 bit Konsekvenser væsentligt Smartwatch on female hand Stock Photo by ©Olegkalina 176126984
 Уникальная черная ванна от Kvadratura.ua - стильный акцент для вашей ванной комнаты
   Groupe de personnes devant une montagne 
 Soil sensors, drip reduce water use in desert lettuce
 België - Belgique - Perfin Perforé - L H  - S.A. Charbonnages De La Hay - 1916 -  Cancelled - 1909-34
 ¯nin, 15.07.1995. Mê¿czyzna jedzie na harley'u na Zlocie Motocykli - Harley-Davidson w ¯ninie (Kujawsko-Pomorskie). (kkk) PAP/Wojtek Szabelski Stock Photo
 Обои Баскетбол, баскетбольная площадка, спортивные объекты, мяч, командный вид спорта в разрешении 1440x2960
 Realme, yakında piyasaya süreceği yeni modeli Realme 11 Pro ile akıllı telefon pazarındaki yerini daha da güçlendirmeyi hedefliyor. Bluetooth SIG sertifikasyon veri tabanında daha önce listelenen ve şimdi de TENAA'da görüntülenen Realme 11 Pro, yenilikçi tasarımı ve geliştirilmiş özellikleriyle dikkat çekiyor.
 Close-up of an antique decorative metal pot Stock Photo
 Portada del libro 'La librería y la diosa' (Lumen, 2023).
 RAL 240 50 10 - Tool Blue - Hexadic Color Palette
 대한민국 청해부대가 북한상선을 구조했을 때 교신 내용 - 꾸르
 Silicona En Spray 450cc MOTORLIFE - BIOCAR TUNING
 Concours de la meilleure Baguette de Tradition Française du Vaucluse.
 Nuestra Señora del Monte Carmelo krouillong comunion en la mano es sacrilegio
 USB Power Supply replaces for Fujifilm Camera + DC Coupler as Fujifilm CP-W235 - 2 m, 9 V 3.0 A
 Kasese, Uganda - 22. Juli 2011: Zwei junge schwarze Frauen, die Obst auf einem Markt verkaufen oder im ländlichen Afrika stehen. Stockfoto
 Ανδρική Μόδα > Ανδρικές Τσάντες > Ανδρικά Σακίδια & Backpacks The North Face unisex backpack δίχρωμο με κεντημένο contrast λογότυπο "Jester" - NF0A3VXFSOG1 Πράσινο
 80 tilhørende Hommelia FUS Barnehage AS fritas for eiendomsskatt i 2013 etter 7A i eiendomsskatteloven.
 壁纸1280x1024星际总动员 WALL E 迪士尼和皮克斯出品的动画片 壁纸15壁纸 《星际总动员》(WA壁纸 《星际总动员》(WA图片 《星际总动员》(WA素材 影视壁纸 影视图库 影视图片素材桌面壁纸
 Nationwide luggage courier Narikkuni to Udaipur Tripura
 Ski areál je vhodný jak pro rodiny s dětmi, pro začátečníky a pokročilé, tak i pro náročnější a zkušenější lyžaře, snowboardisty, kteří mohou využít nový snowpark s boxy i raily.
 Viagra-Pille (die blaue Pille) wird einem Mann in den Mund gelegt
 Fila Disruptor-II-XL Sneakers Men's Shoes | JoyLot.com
# # # # # # #
▶ _EXERCISE DETAILS_
Exact duplication is required for the lines above, from the line that contains "Portada del libro" to the line that contains "Ski areál je", inclusive; omit all others.

▶ _EXERCISE ANSWER_
 Portada del libro 'La librería y la diosa' (Lumen, 2023).
 RAL 240 50 10 - Tool Blue - Hexadic Color Palette
 대한민국 청해부대가 북한상선을 구조했을 때 교신 내용 - 꾸르
 Silicona En Spray 450cc MOTORLIFE - BIOCAR TUNING
 Concours de la meilleure Baguette de Tradition Française du Vaucluse.
 Nuestra Señora del Monte Carmelo krouillong comunion en la mano es sacrilegio
 USB Power Supply replaces for Fujifilm Camera + DC Coupler as Fujifilm CP-W235 - 2 m, 9 V 3.0 A
 Kasese, Uganda - 22. Juli 2011: Zwei junge schwarze Frauen, die Obst auf einem Markt verkaufen oder im ländlichen Afrika stehen. Stockfoto
 Ανδρική Μόδα > Ανδρικές Τσάντες > Ανδρικά Σακίδια & Backpacks The North Face unisex backpack δίχρωμο με κεντημένο contrast λογότυπο "Jester" - NF0A3VXFSOG1 Πράσινο
 80 tilhørende Hommelia FUS Barnehage AS fritas for eiendomsskatt i 2013 etter 7A i eiendomsskatteloven.
 壁纸1280x1024星际总动员 WALL E 迪士尼和皮克斯出品的动画片 壁纸15壁纸 《星际总动员》(WA壁纸 《星际总动员》(WA图片 《星际总动员》(WA素材 影视壁纸 影视图库 影视图片素材桌面壁纸
 Nationwide luggage courier Narikkuni to Udaipur Tripura
 Ski areál je vhodný jak pro rodiny s dětmi, pro začátečníky a pokročilé, tak i pro náročnější a zkušenější lyžaře, snowboardisty, kteří mohou využít nový snowpark s boxy i raily.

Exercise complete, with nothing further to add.